Выбрать главу

— Это с каких же пор ты так заливаешь за воротник? — поинтересовался он.

— Да вовсе я и не заливаю! — рассмеялся Сёдзаэмон.

— Небось, пьешь-гуляешь напропалую? Похоже, тебя мастера обучают, — заметил Кохэйта, но приятель в ответ только усмехнулся. Лицо его при этом отчего-то выглядело безнадежно унылым и каким-то потерянным.

Спустя некоторое время он сказал, словно в оправдание:

— Да все равно ведь скоро все мы умрем. Ну, могу я себе позволить слегка, если хочется…
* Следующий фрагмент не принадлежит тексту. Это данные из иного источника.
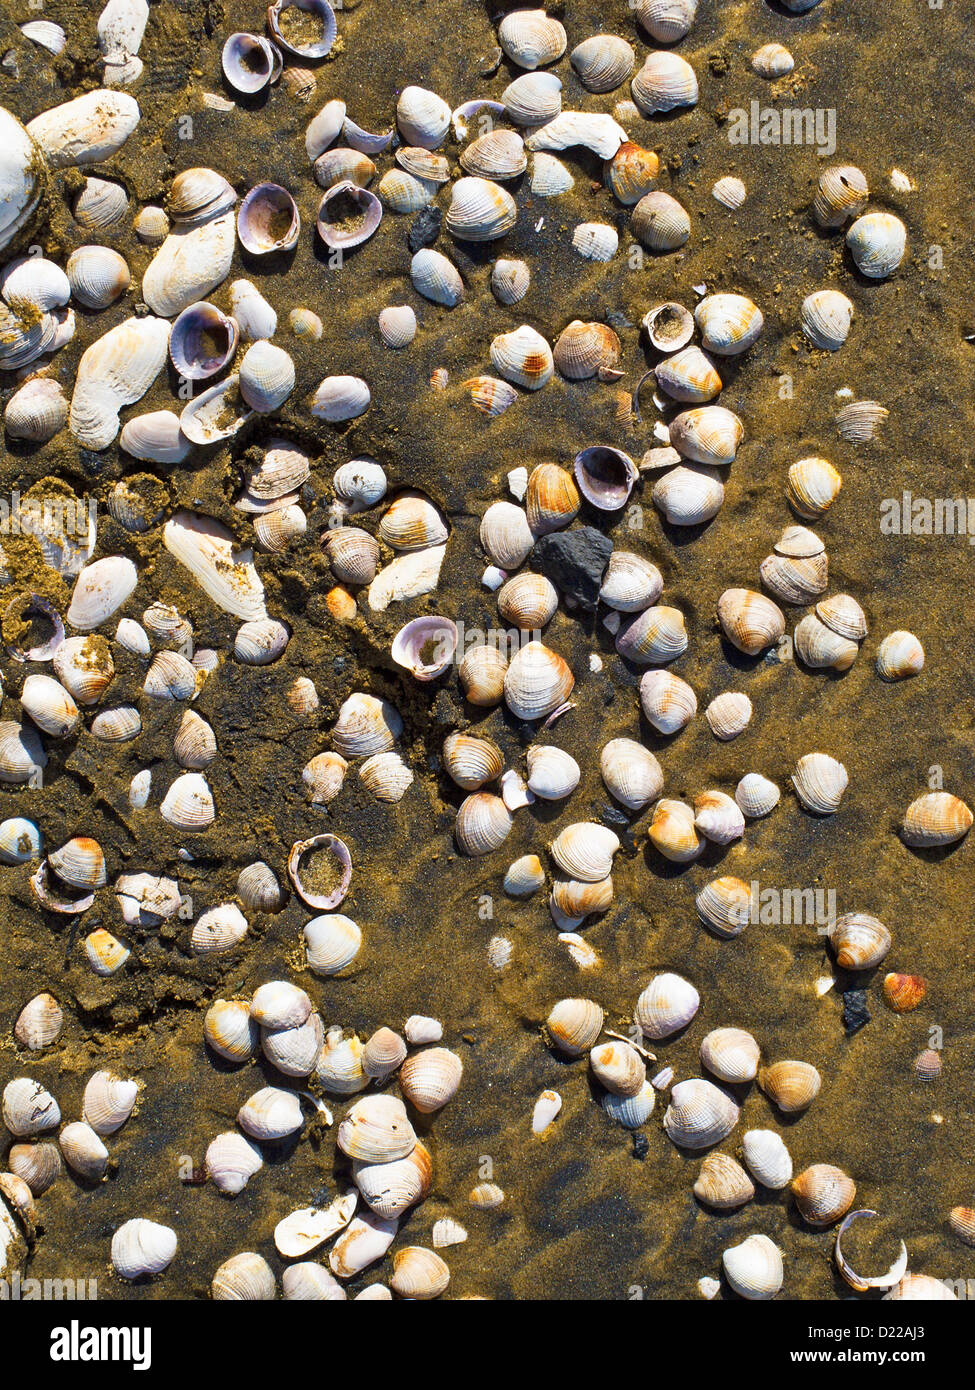 Shells on the sandy beach at Te Arai Point, Mangawhai, Northland, North Island, New Zealand. - Stock Image

— Оно, пожалуй, так, — согласился Кохэйта, который, как всегда, будучи в некотором подпитии, старался не слишком горячо проявлять свои эмоции, когда речь шла о предметах, затрагивающих сокровенные чувства собеседника.

— Однако ж я теперь узнал много такого, о чем раньше не имел представления, — сказал Сёдзаэмон. — Как мы, самураи, умираем на поле боя, так иные повесы и гуляки запросто умирают ради забав и удовольствий. Странное создание человек. Слышал ли ты молву о куртизанке Хана-Оги из Ёсивары, что совершила двойное самоубийство вместе со своим клиентом?

— Нет, не слышал. Ну и глупость же это!

— Ну, уж так нельзя сказать… — усмехнулся Сёдзаэмон. — Я тоже думал было, что они друг друга полюбили и решили как бы по долгу любви вместе умереть. Оказалось, что все не так. Хана-Оги вовсе не любила того мужчину — просто для забавы решила расстаться с жизнью.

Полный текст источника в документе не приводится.